Now more than ever, nature cannot be separated from culture; in order to comprehend the interactions between ecosystems, the mechanosphere and the social and individual Universes of reference, we must learn to think transversally (Guattari, 2000:43)

Airports mix multiple forms of life, matter and information into a series of new and constantly changing relations between bodies and the sky, between local landscapes and global capital. They do this by creating thresholds that enable disparate systems to meet each other. At the airport, the relatively slow and individuated systems of ground transportation meet with the faster mass systems of aviation. It is at this intersection that local urban ecologies begin to entwine with the global. The airport is a structure that is also an infrastructure. It is a structure designed for connection.

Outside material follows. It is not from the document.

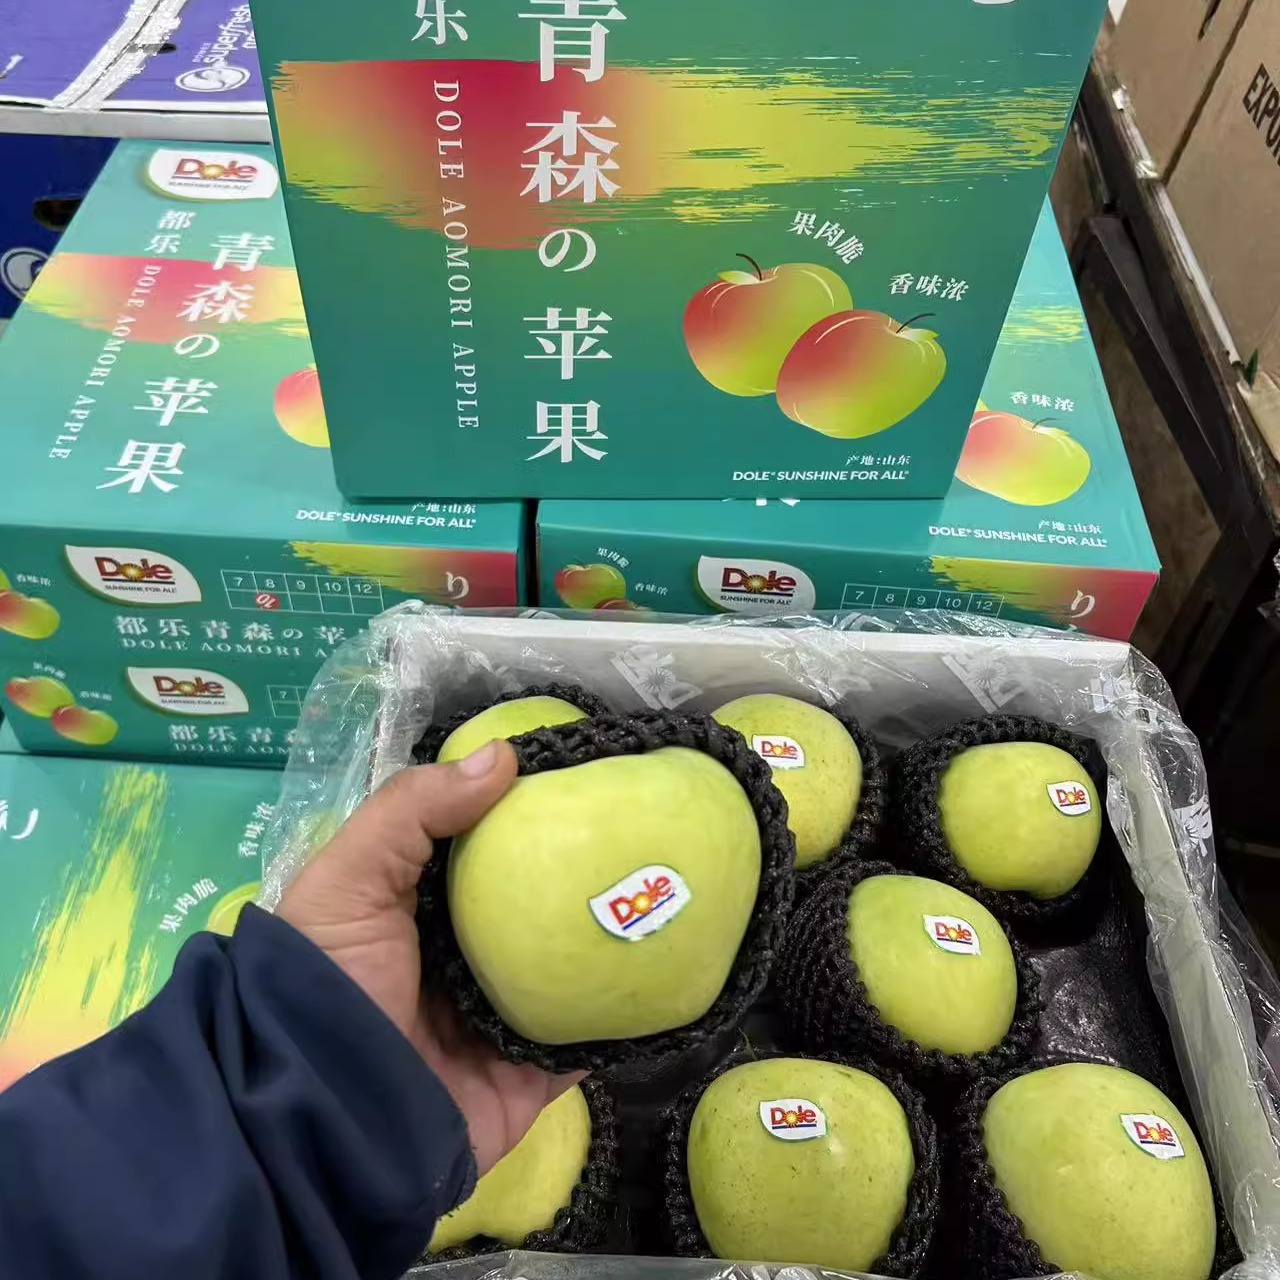 新鲜水果日本引种都乐dole青森水蜜桃王林苹果脆甜青苹果礼盒

Airports invite a connective type of thinking at all scales, from geological to biological, and not just at the level of place, people, and time-zone (which are abstractions of global jet-time). Despite the fact that airports create some of the most anonymous zones in the world, it is impossible to isolate Sydney Airport from the ecology of Botany Bay ? a site of disaster for Australia?s indigenous people, a location for nationalist myths-of-origin for the Europeans who came after, a breeding ground for wetland bird species, and as a focus for local activism over continuous redevelopment among other things. Sydney Airport depends on what Alfred Whitehead would call the "patience of the environment". Or as Isabelle Stengers has put it, "the ethos of an organism, its specific grasping together of aspects of its environment, cannot be dissociated from its ecology" (Stengers, 2003: np). The airport itself is an organism that is constantly in a feedback loop with its environment, which is itself in flux and change. This process at Botany Bay has resulted in a form of epigenetic evolution at Botany Bay, in which a natural milieu of the bay is transformed into an associated milieu for transport and transmission industries. Botany Bay exceeds itself mythically but also technically. It is involved in an evolutionary process that draws both from within its existing structures and without.

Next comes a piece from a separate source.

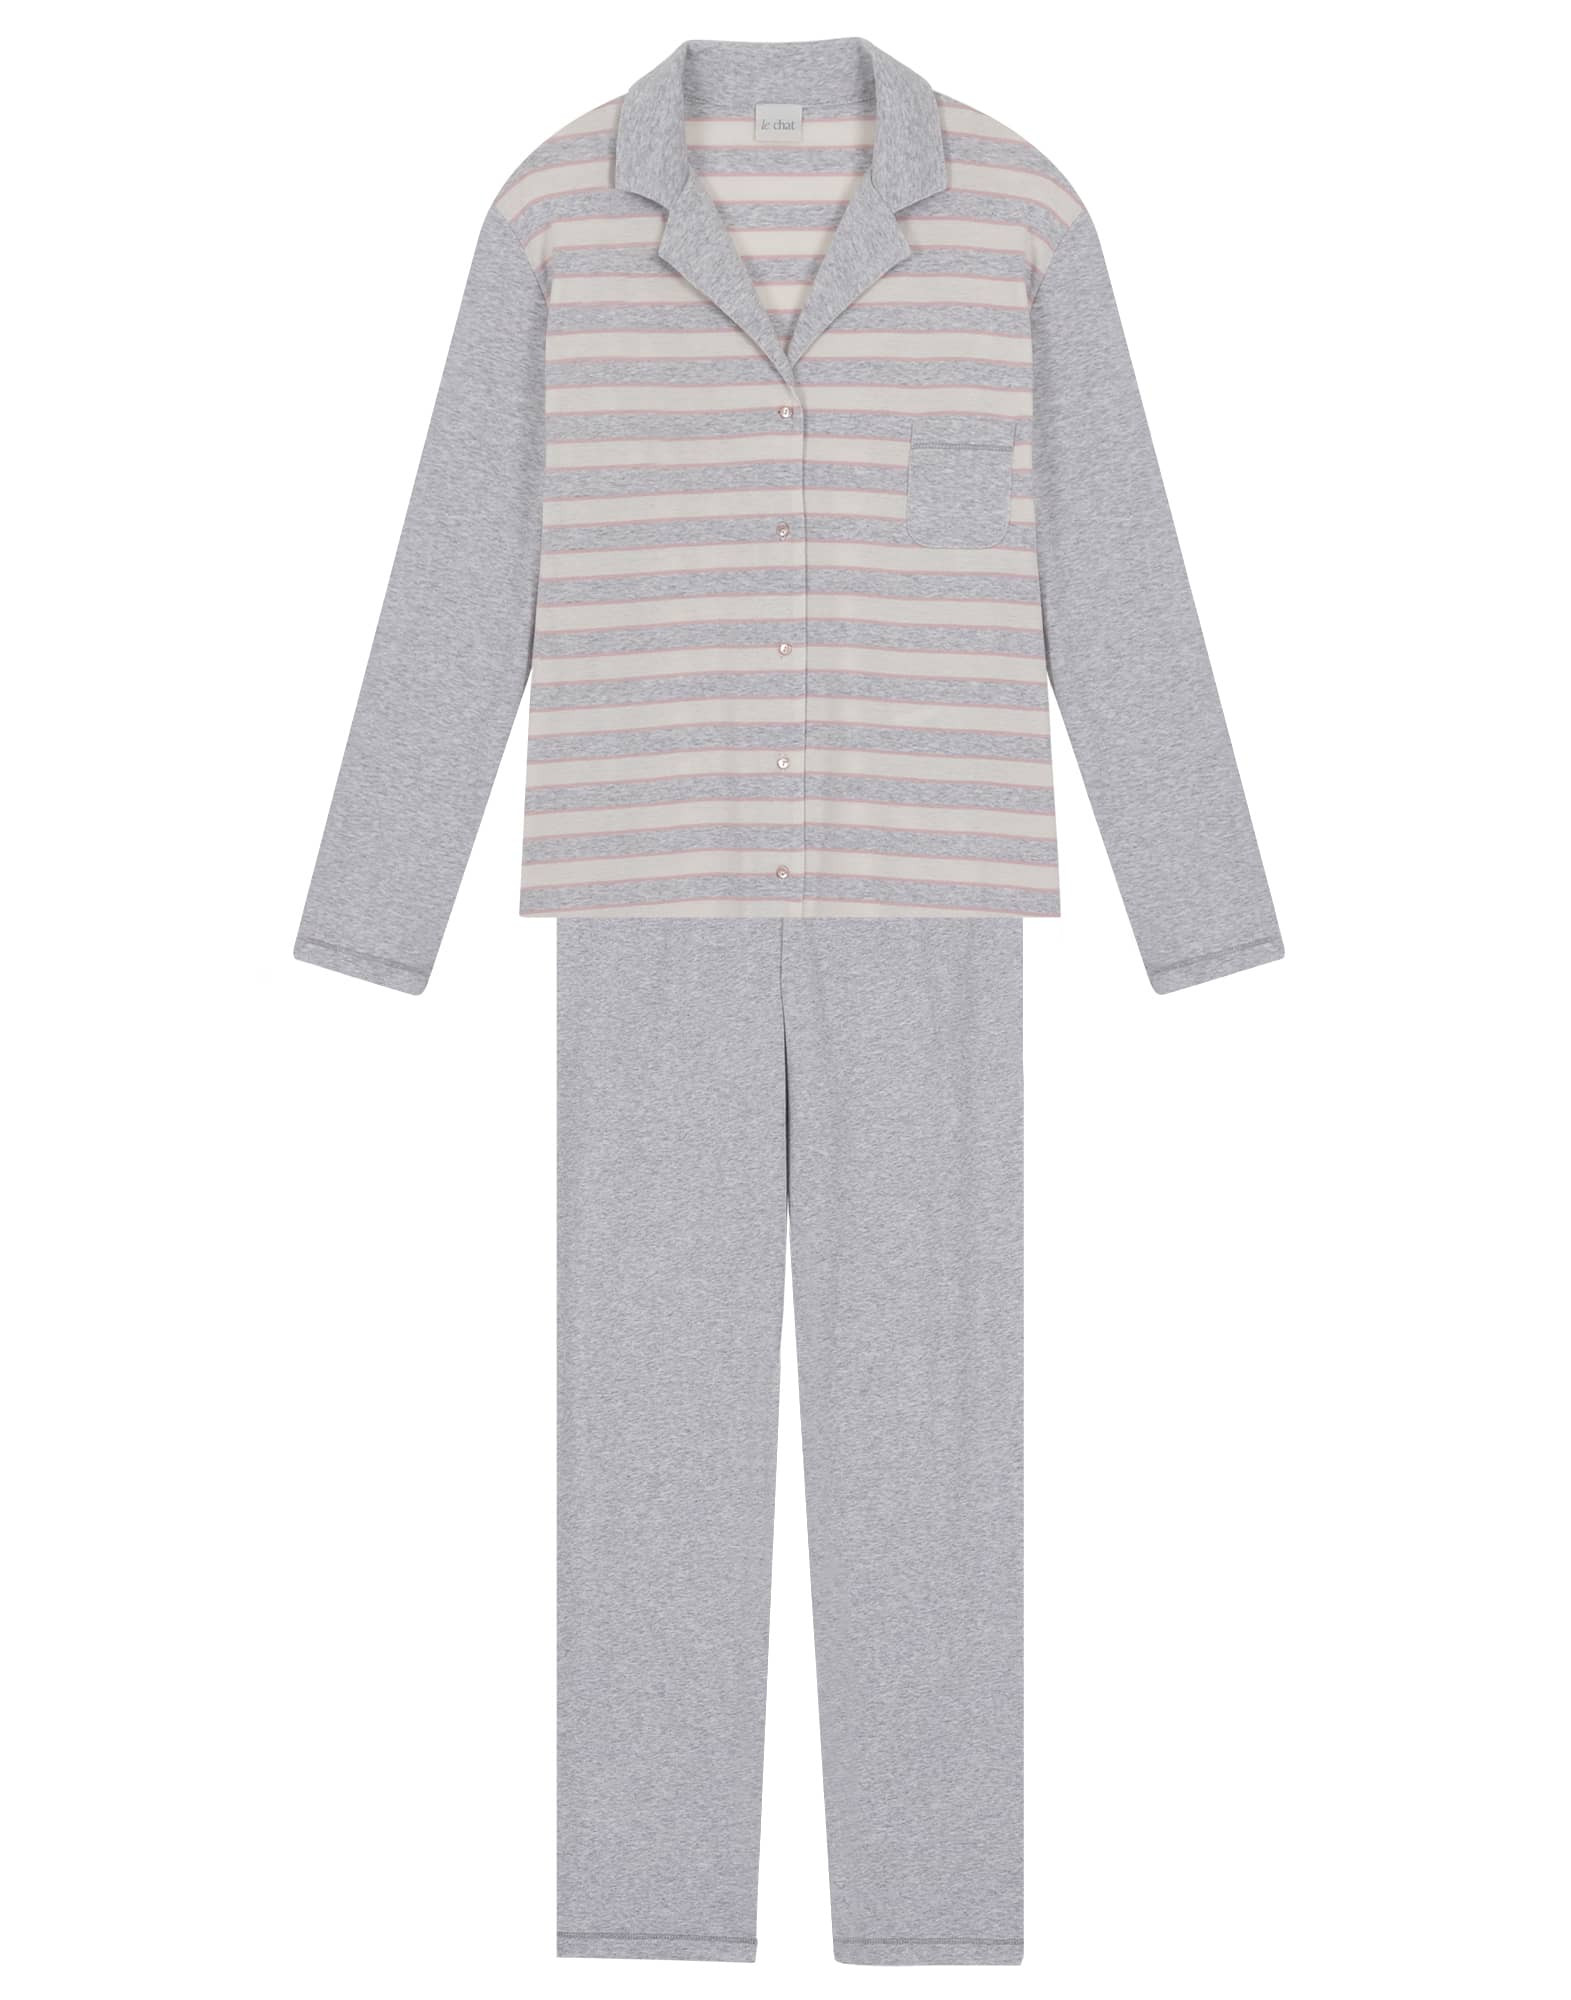 Pyjama homme effet rayures

Geoinformation thus invests territories with a technical navigation function just as, according to Simondon, the ocean is turned into an "associated milieu", a technical function of Guimbal?s turbine, with which tidal-powered factories are fitted. This means that a territory, as a natural milieu, itself becomes integrated into the "process of concretisation", and is thus functionally overdetermined by the milieu that essentially has become techno-geographical (Stiegler, 2003).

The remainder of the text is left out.